# [THE DATA]
|---|

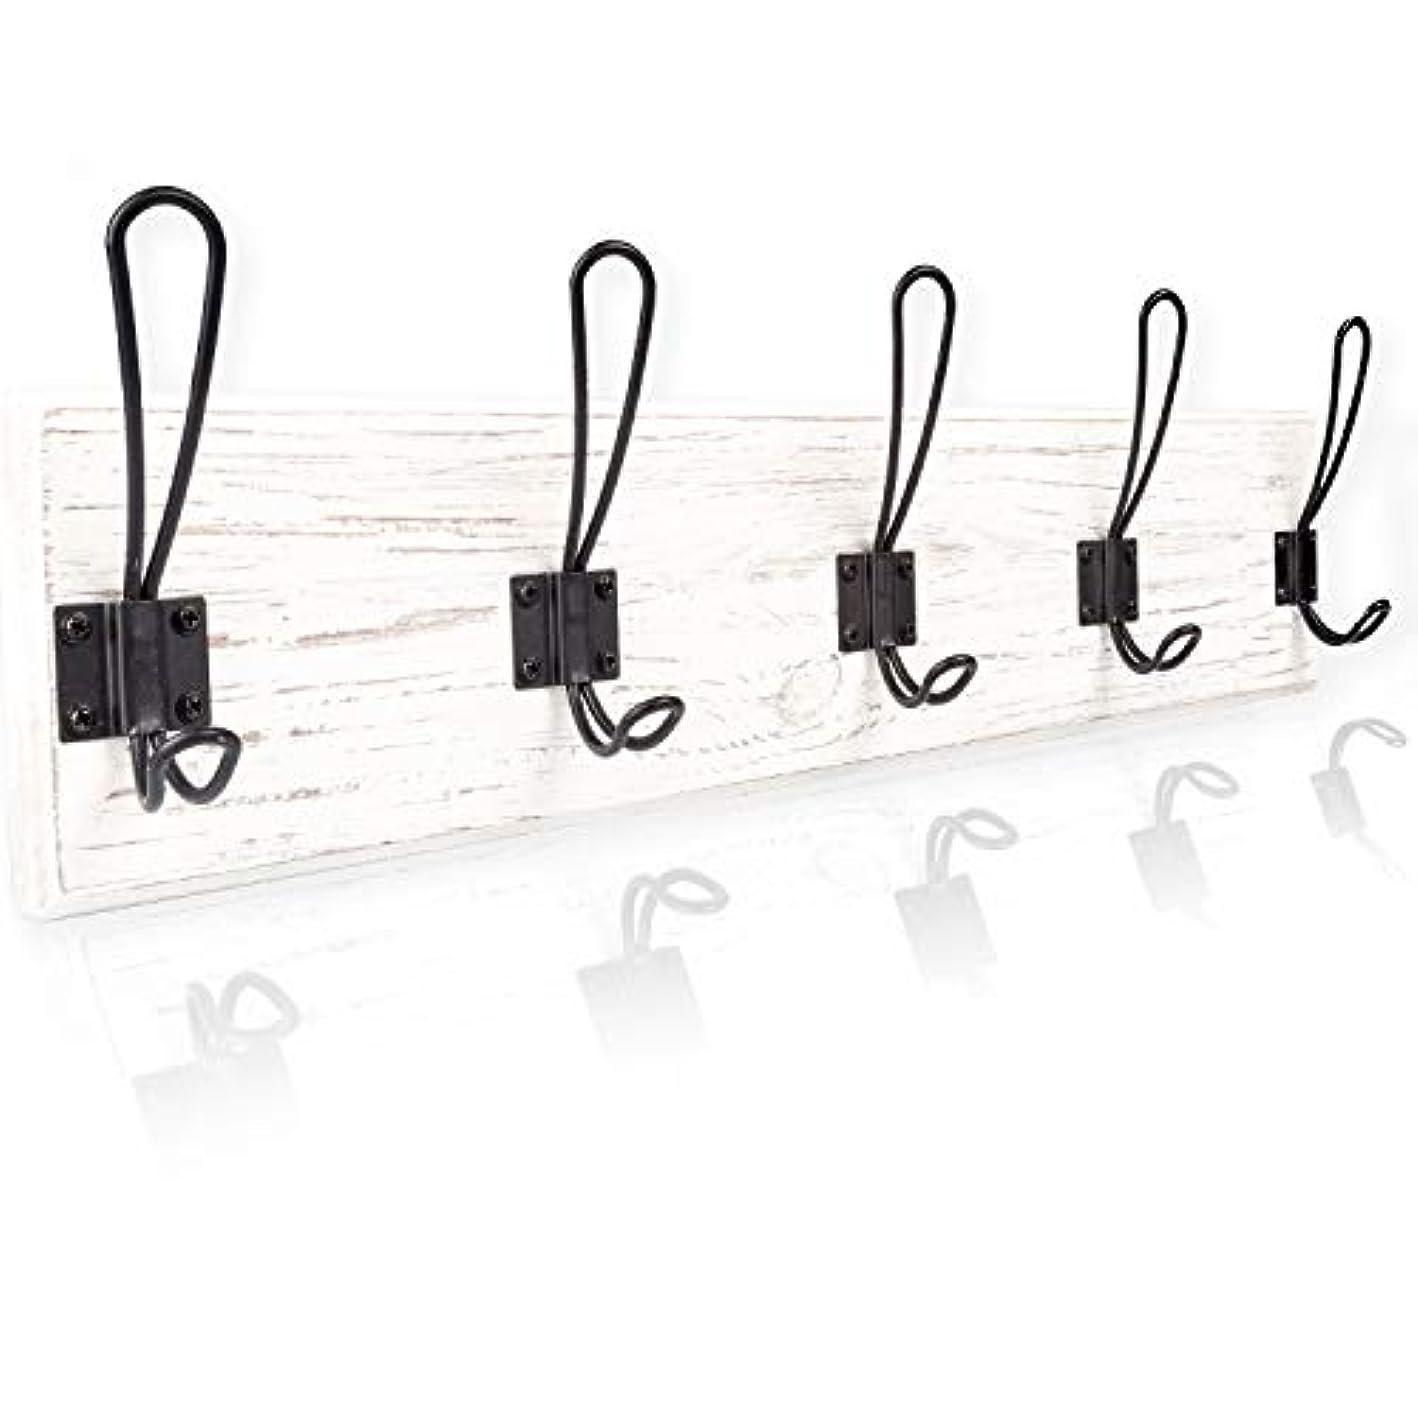 Wall Mounted Coat Rack - Rustic Wooden 5 Hook Coat Hanger Rail, White Distressed Wood, Black Metal Hooks
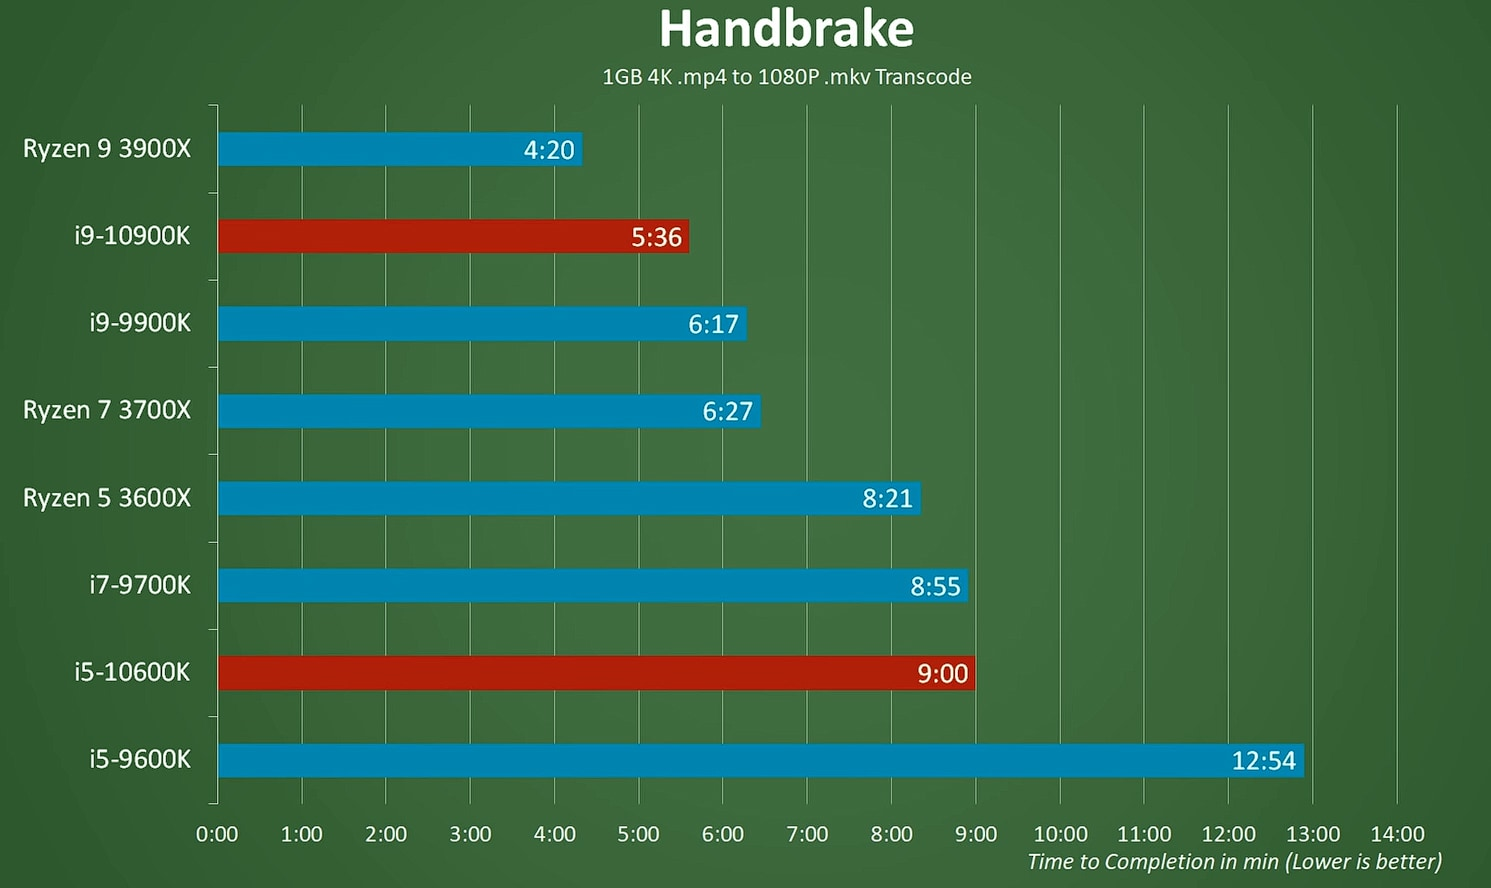 Handbrake test
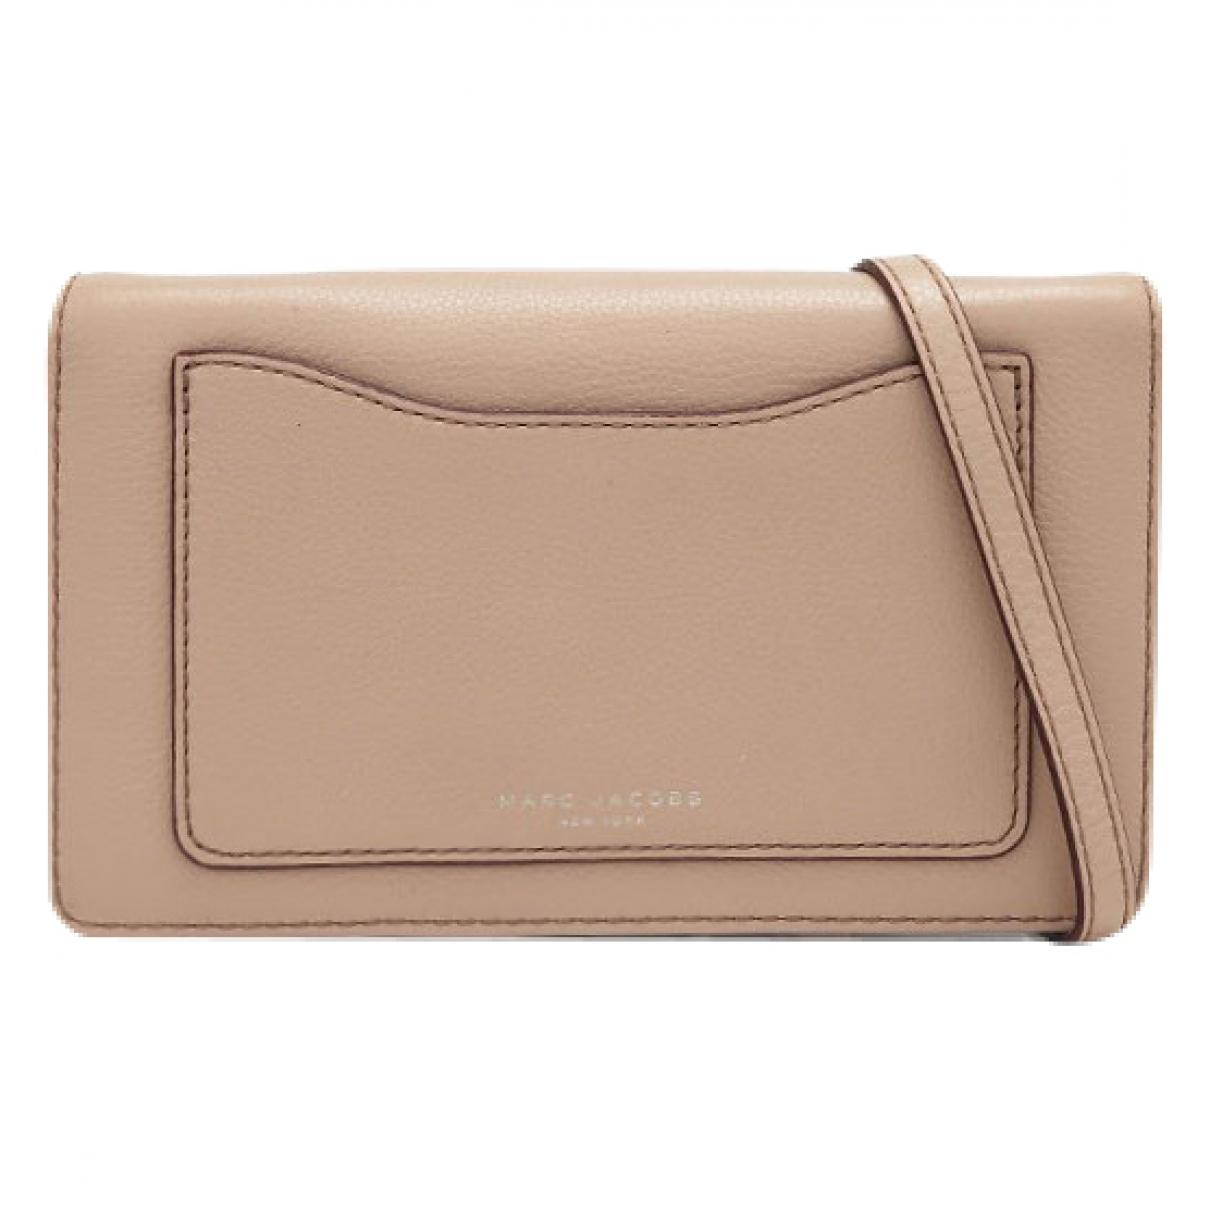 Marc Jacobs \N Beige Leather Clutch bag for Women \N

|---|

# [YOUR ASSIGNMENT]
Restate the data above word for word, omitting every picture.

# [EXERCISE RESPONSE]
 Wall Mounted Coat Rack - Rustic Wooden 5 Hook Coat Hanger Rail, White Distressed Wood, Black Metal Hooks
 Handbrake test
 Marc Jacobs \N Beige Leather Clutch bag for Women \N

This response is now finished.